* Problem details: Omit every picture, then return each line of the data below exactly.

* Data provided:

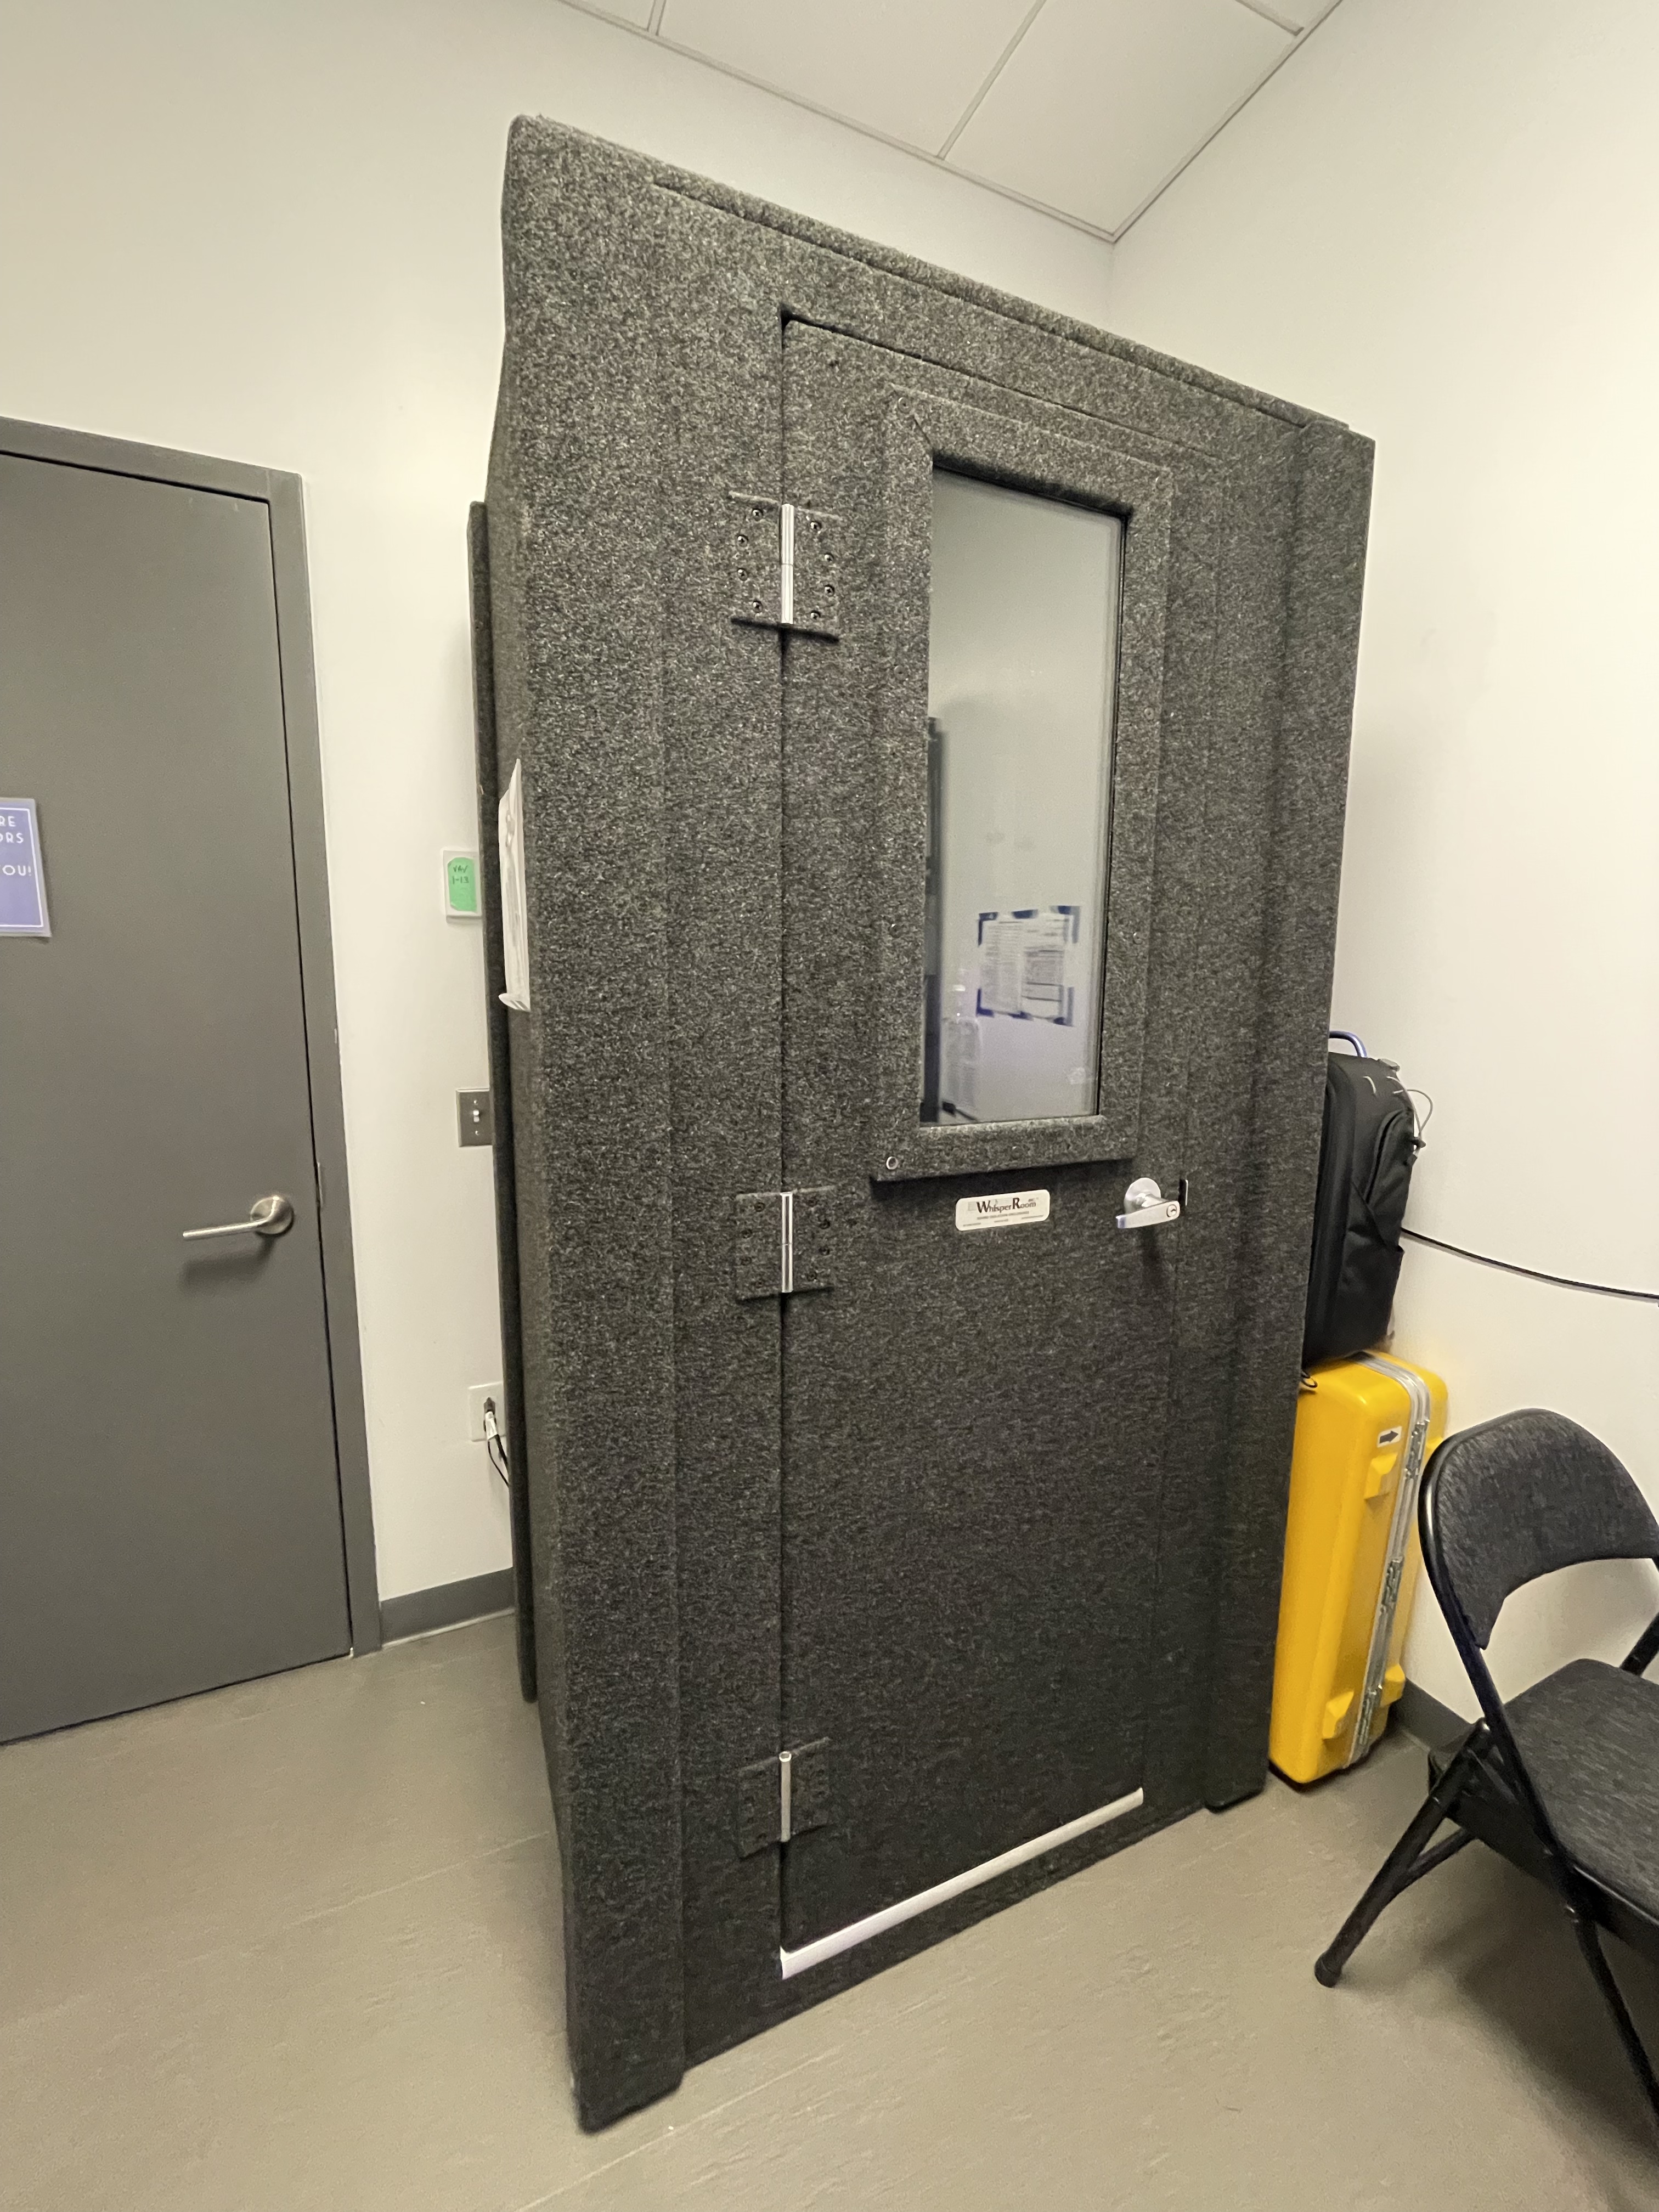 Single user-sized soft audio booth with gray sound insulation felt. Contains a rectangular window to peek inside.
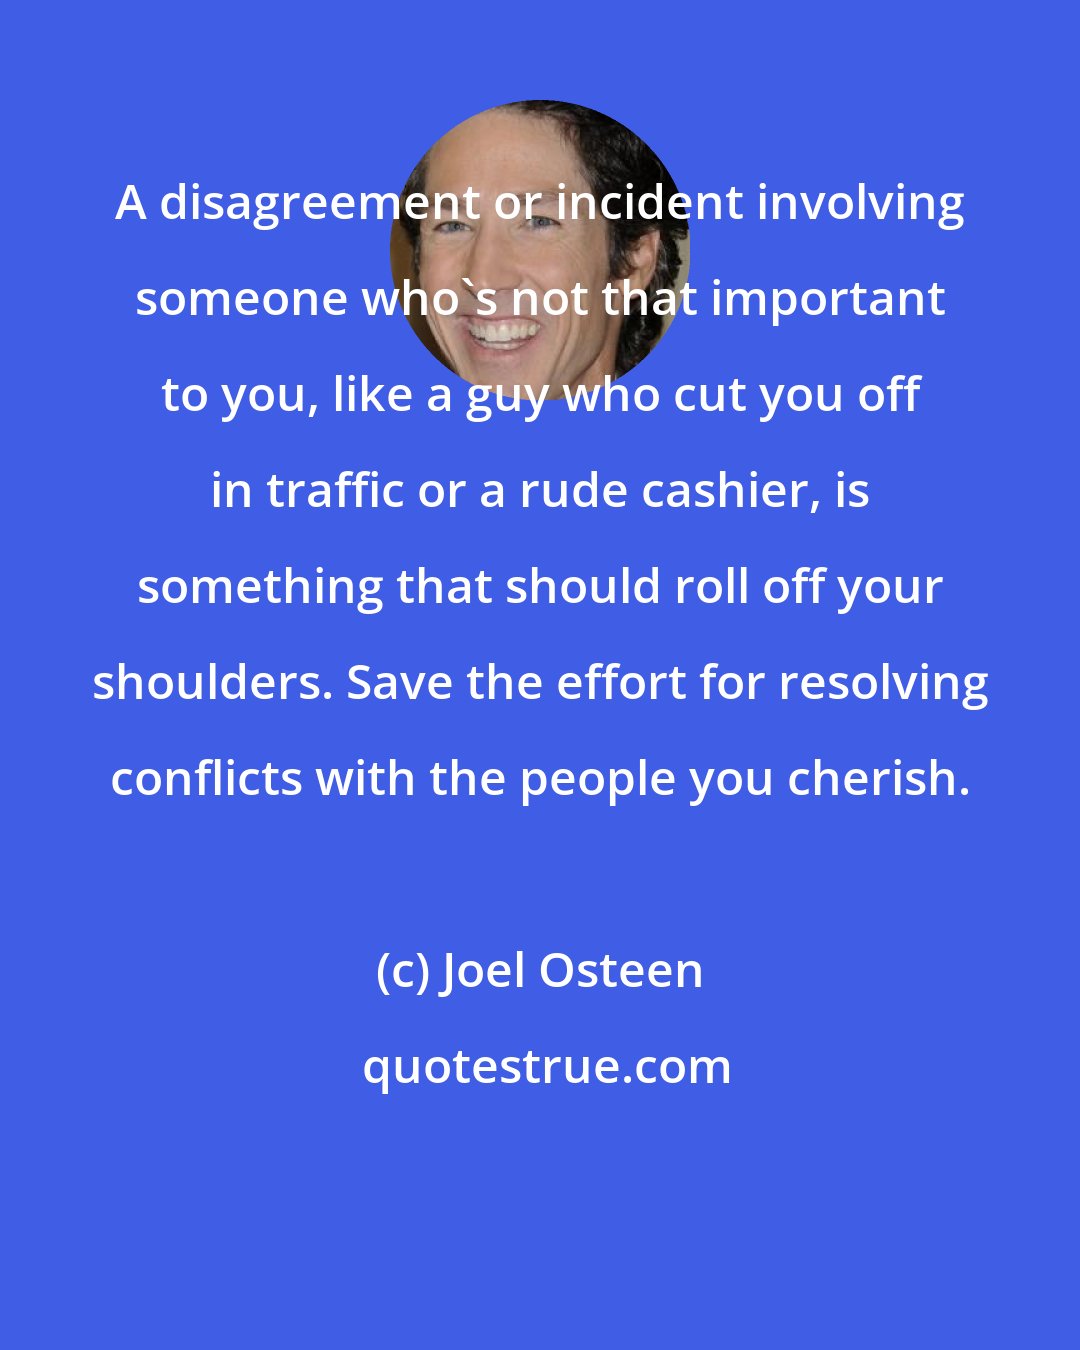 Joel Osteen: A disagreement or incident involving someone who's not that important to you, like a guy who cut you off in traffic or a rude cashier, is something that should roll off your shoulders. Save the effort for resolving conflicts with the people you cherish.
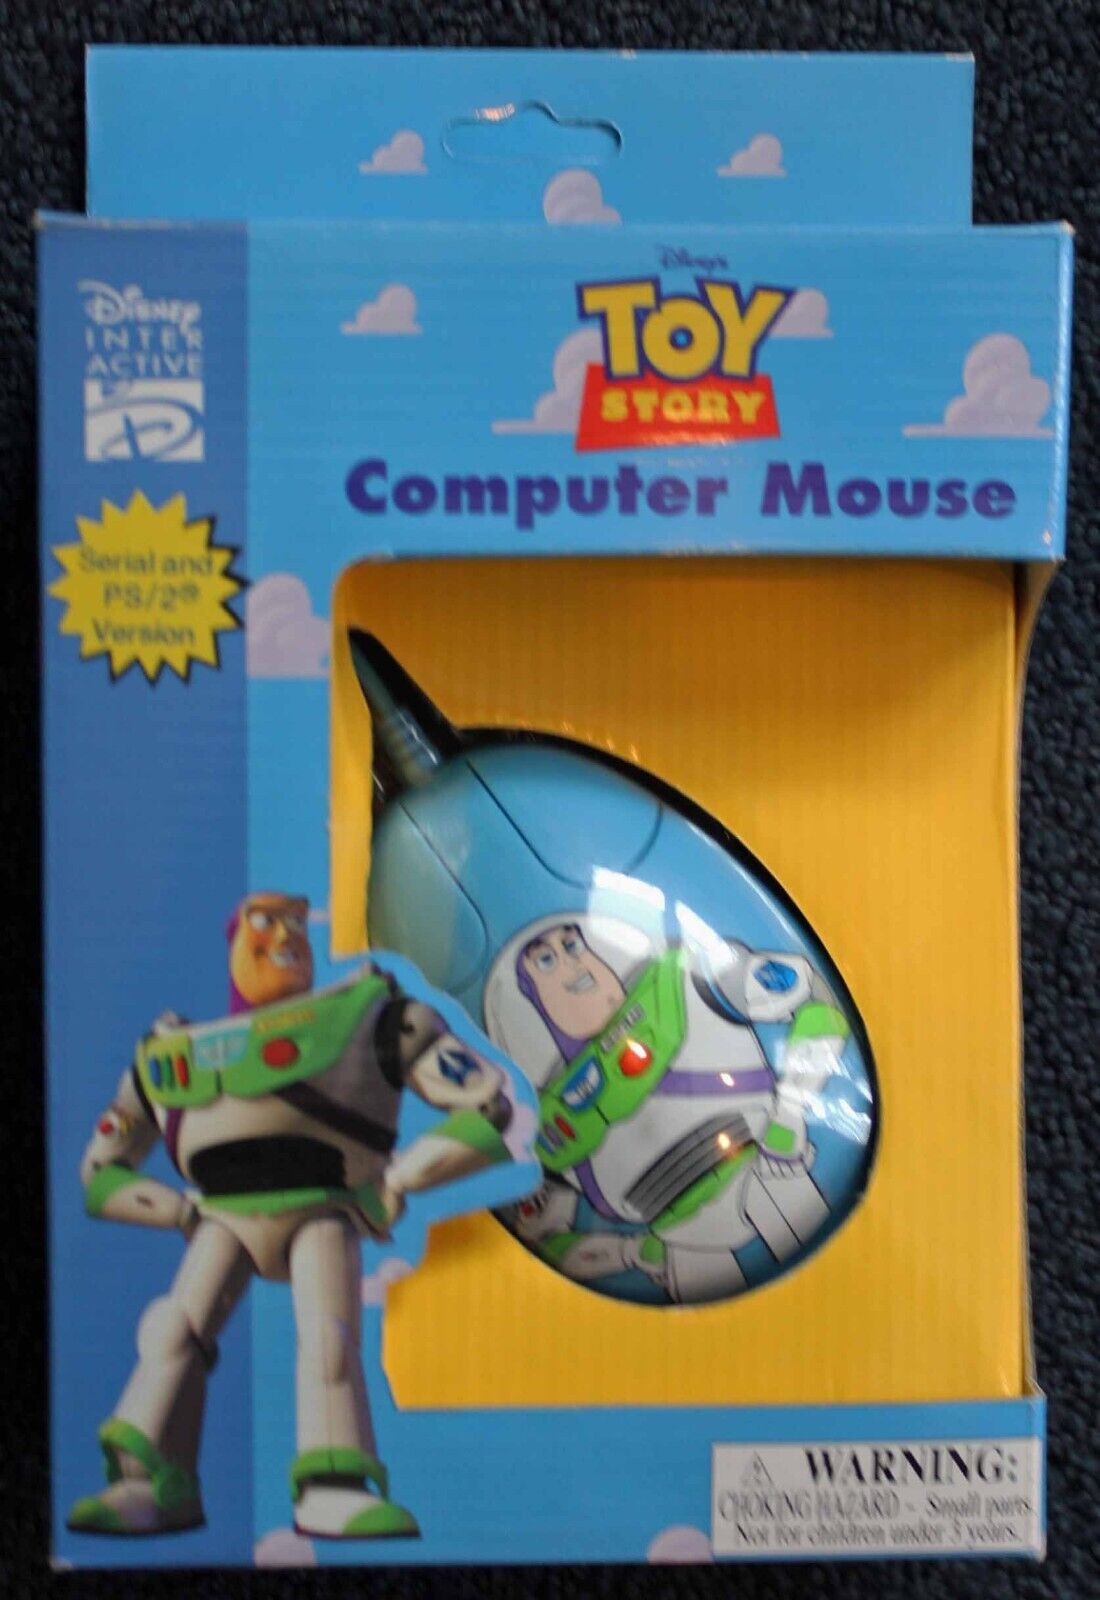 Toy Story Vintage Buzz Lightyear Mouse Serial and PS/2 Version

* Answer for this exercise:
 Single user-sized soft audio booth with gray sound insulation felt. Contains a rectangular window to peek inside.
 Joel Osteen: A disagreement or incident involving someone who's not that important to you, like a guy who cut you off in traffic or a rude cashier, is something that should roll off your shoulders. Save the effort for resolving conflicts with the people you cherish.
 Toy Story Vintage Buzz Lightyear Mouse Serial and PS/2 Version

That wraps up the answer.